- **Collected material**

☆ ☆ ☆ ☆ ☆ ☆ ☆

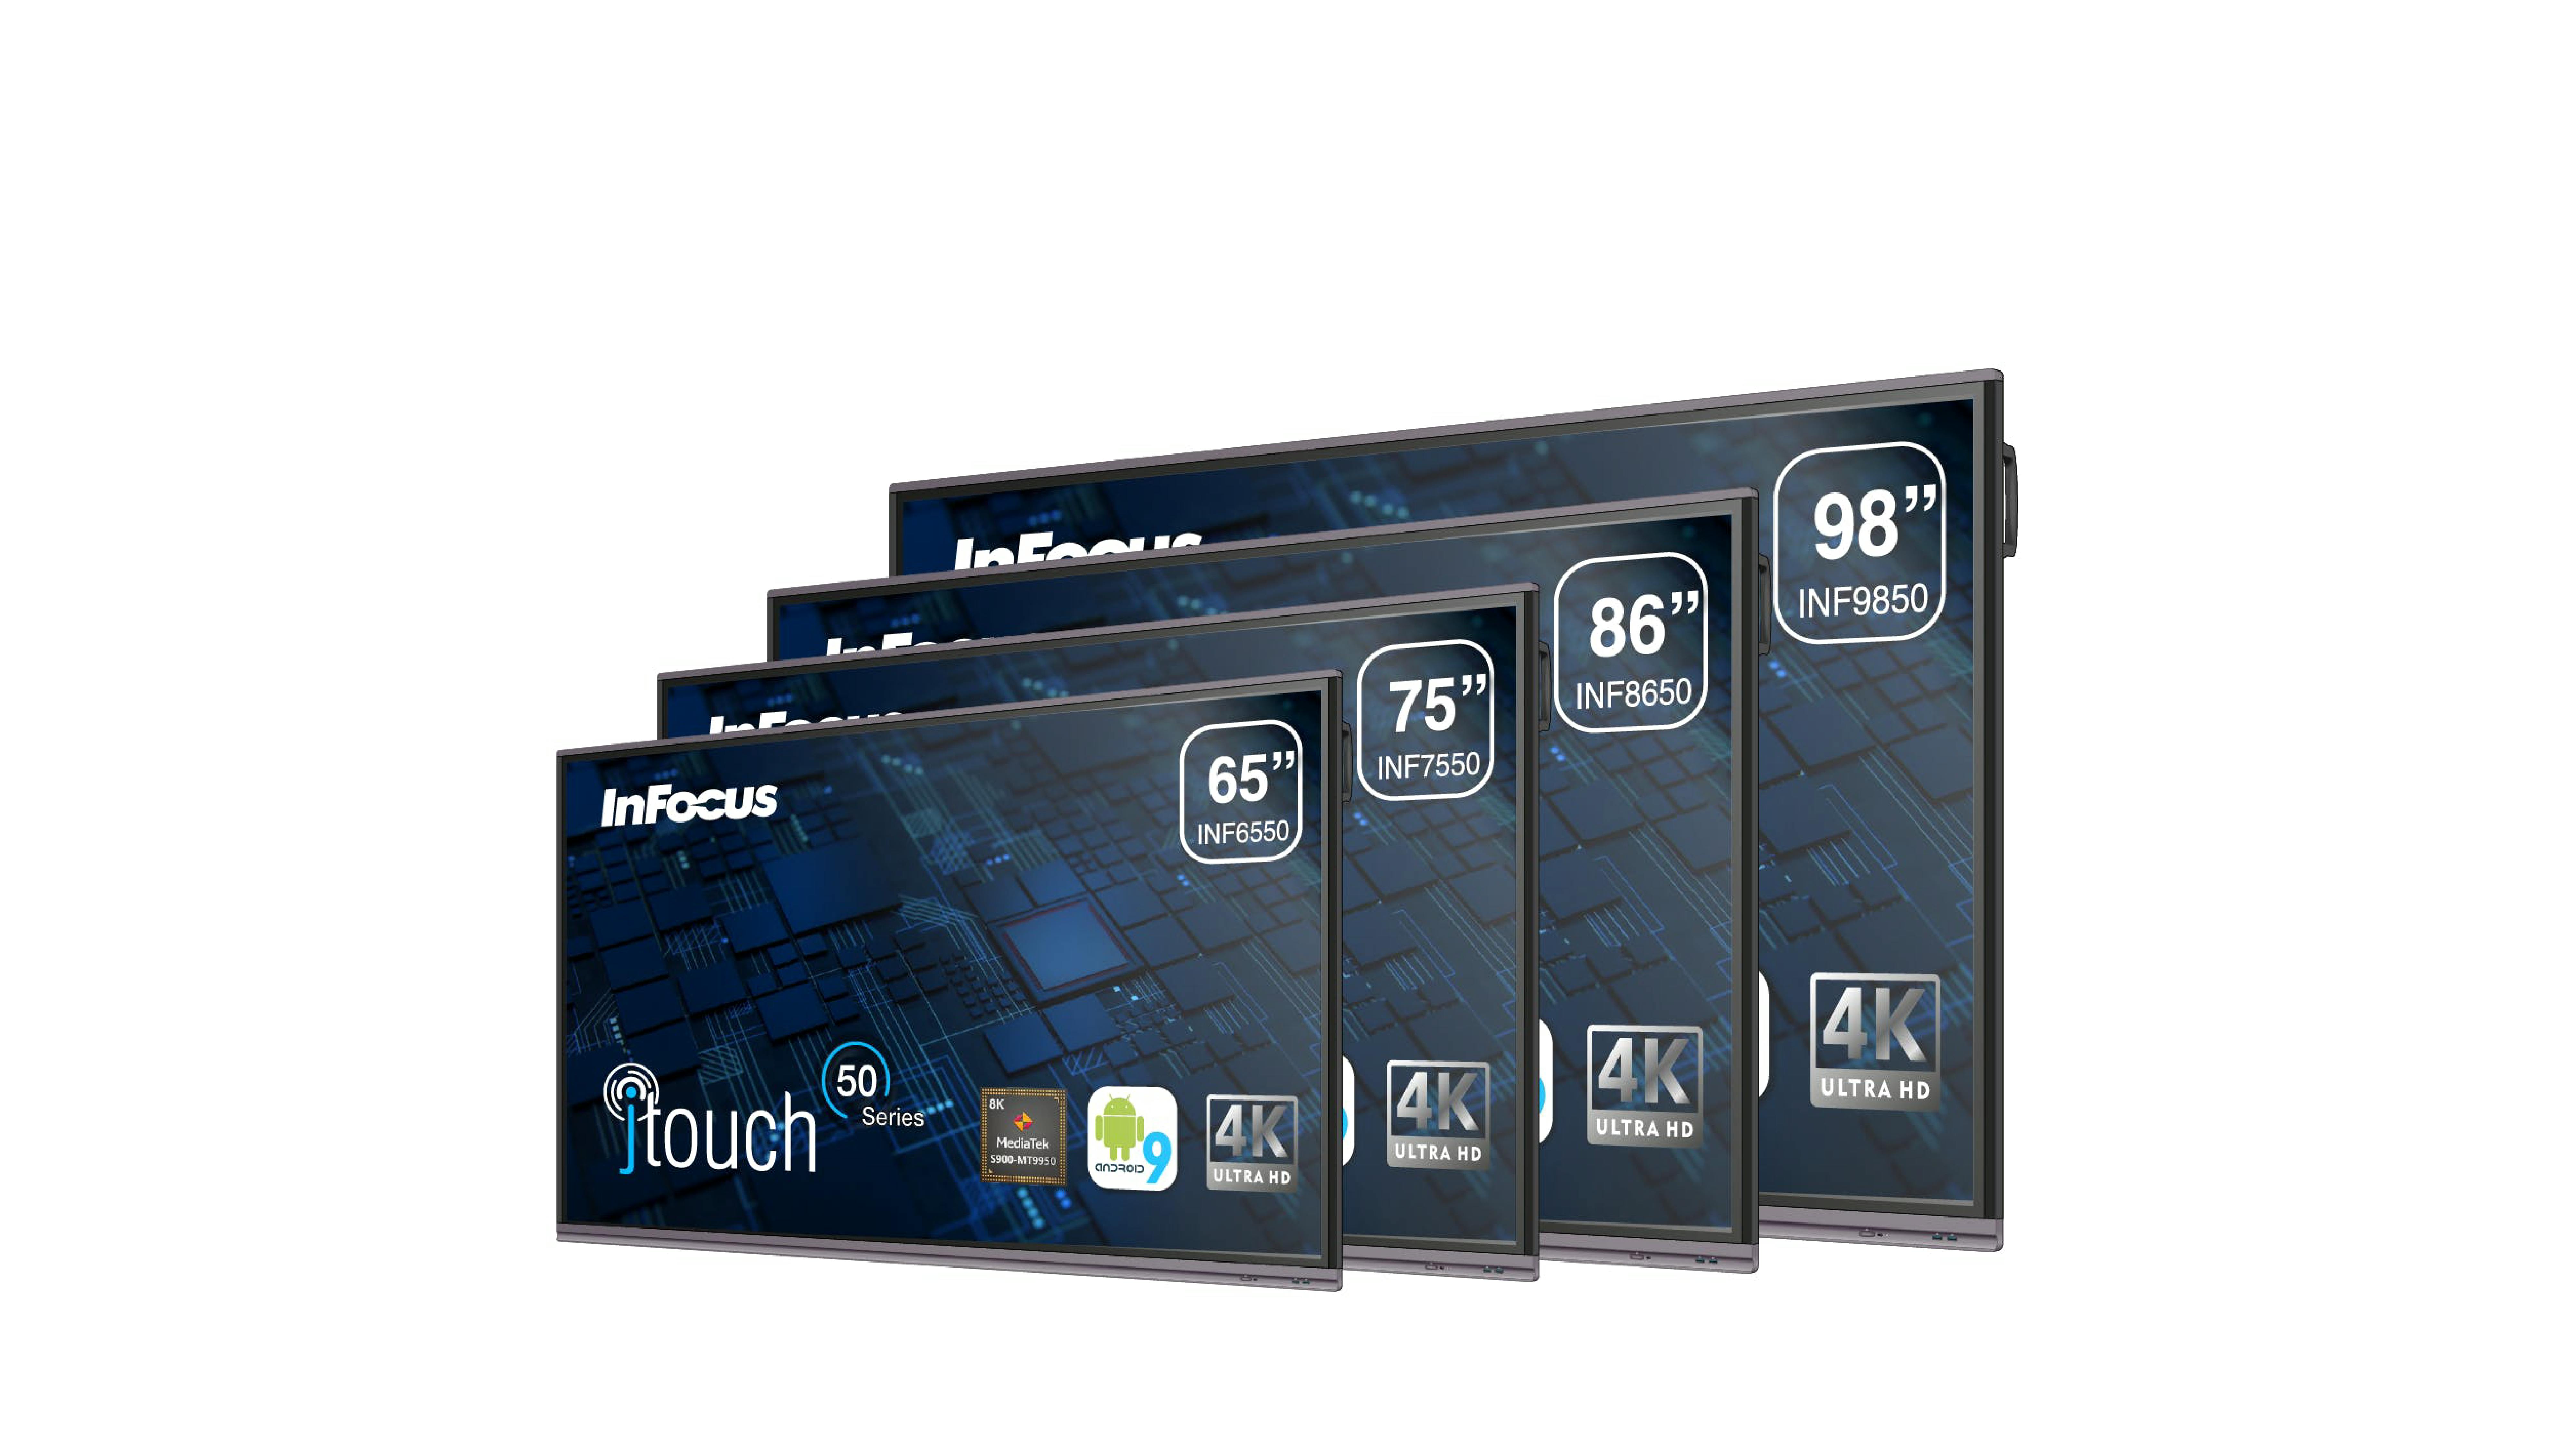 JTouch 50 Series - Experience the Performance 
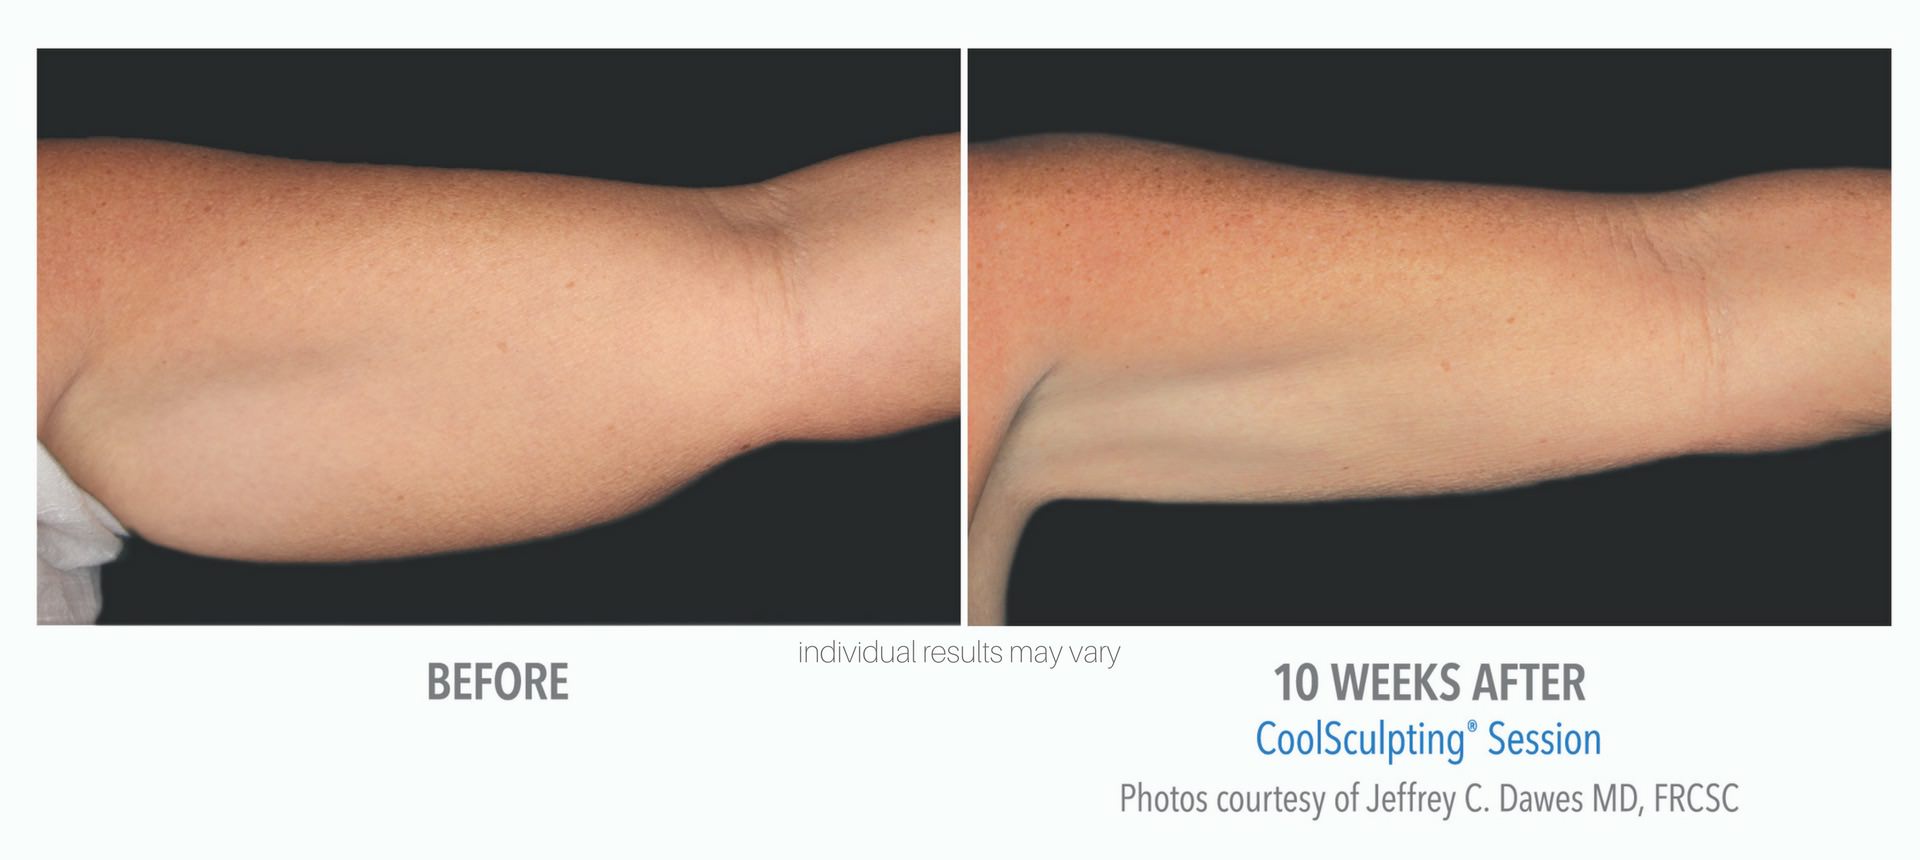 coolsculpting results for arm fat
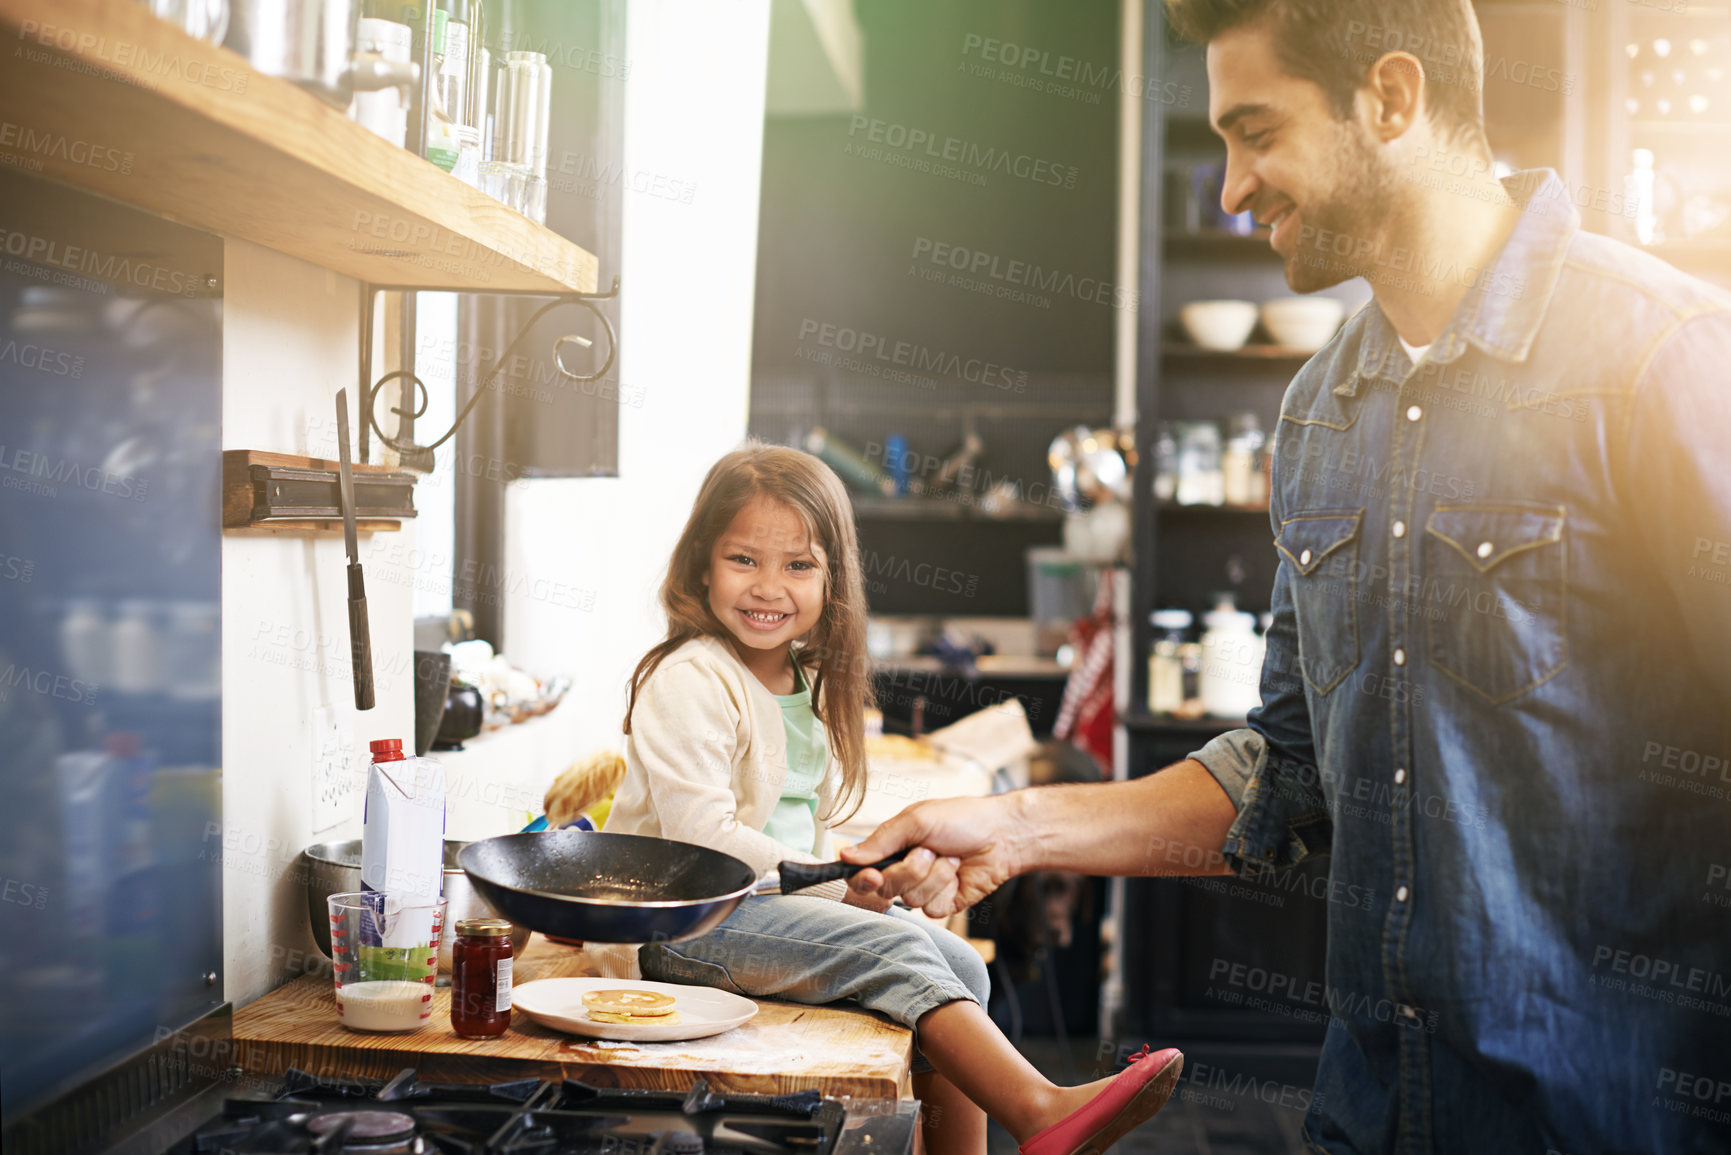 Buy stock photo Shot of a father and daughter making pancakes together

☆ ☆ ☆ ☆ ☆ ☆ ☆

With the pictures left out, give again exactly the lines from the one with "coolsculpting results for arm fat" through the end of the data, both included.

- **Exercise response**
 coolsculpting results for arm fat
 Buy stock photo Shot of a father and daughter making pancakes together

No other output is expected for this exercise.